Thus, the AG’s office comes to the same specific conclusion we did, but goes small where I think it needed to go large. It relies on a cryptic footnote in the 2008 Marshall case – where the VA Supreme Court ruled Governor Kaine’s transportation rooted in local taxes unconstitutional – to smack down McDonnell’s 2013 “legacy maker.” But the 2008 taxes centered solely on NOVA. Here in 2013, it is far more complicated plan, wrapped around clearly constitutional state taxes and funding formulas. The regional taxes include one in Tidewater, thus we have more than 50% of the voters impacted.

The transportation plan doesn’t merely cross the line into prohibited local taxes by the General Assembly. Rather, it is reflective of a growing philosophy in our politics: that there are two Virginias now, only this time it isn’t about white and black. The transportation plan doesn’t merely drive a hole through a clause or two; it is a direct attack on the constitution, one that needs to be repelled with a big thrust, not with clever lawyering.

I don’t, therefore, find the AG’s legal analysis wholly satisfying.
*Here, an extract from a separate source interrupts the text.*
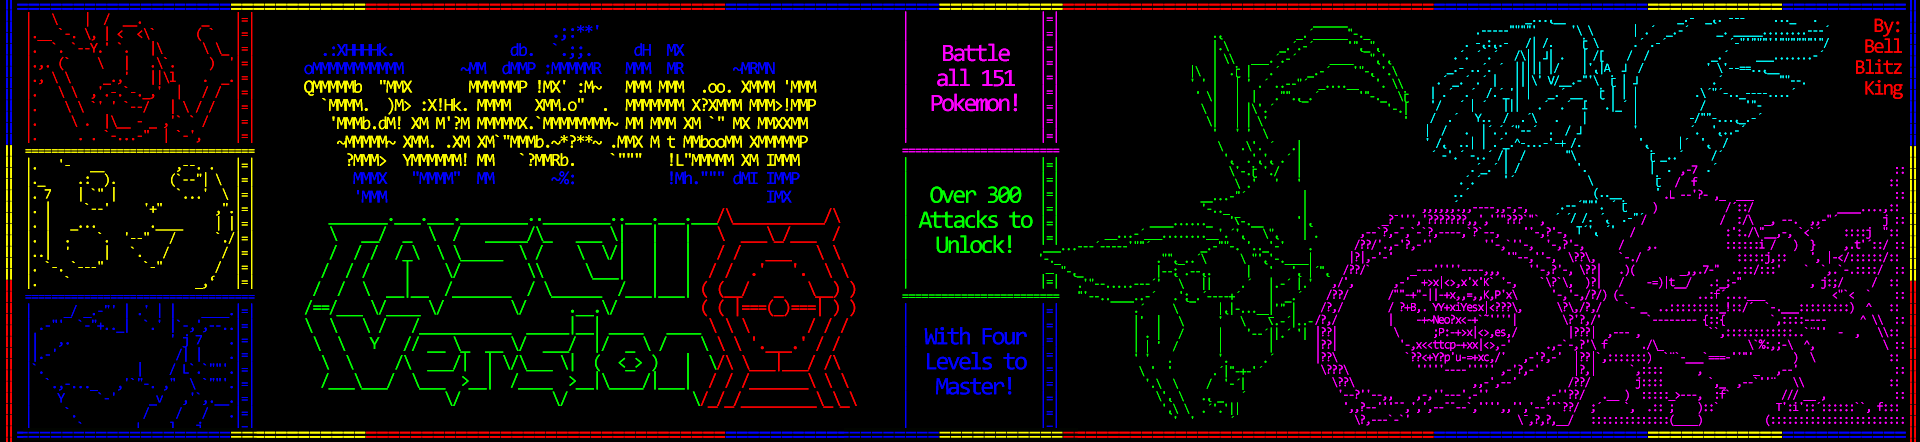 Pokemon ASCII Version CMD Battle Game!
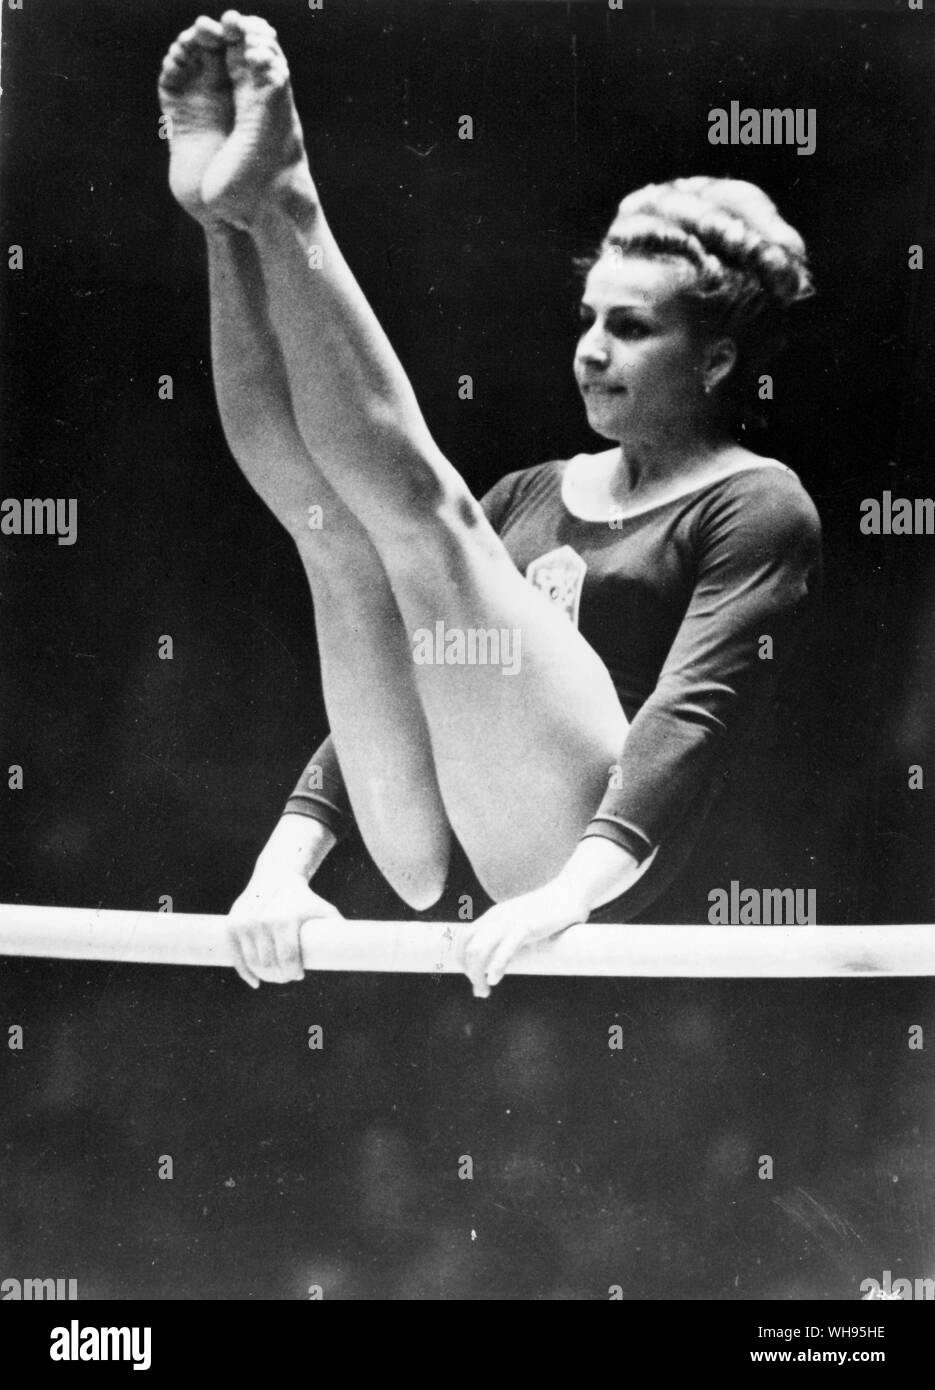 Japon, Tokyo, Jeux Olympiques 1964 : Vera Caslavska (Tchécoslovaquie). Le champion olympique de gymnastique pour les femmes. Banque D'Images

It concedes the very point at the heart of the Virginia Constitution: that as a matter of broad constitutional theory, the pact between the regions that produced the state of Virginia protected them from being subject to discriminatory taxation by a majority of non-resident legislators in Richmond. I wanted the head cut off of the snake: he instead went more for a body shot.

In that regard therefore, I wonder out loud: is this a loophole for Terry McAuliffe and others to exploit should they truly believe the AG’s opinion is nothing more than politics masquerading as law? Perhaps exploit isn’t the right word: Terry and others are sincere in their belief that the transportation plan is constitutional, and that Cuccinelli only ruled out of ideology.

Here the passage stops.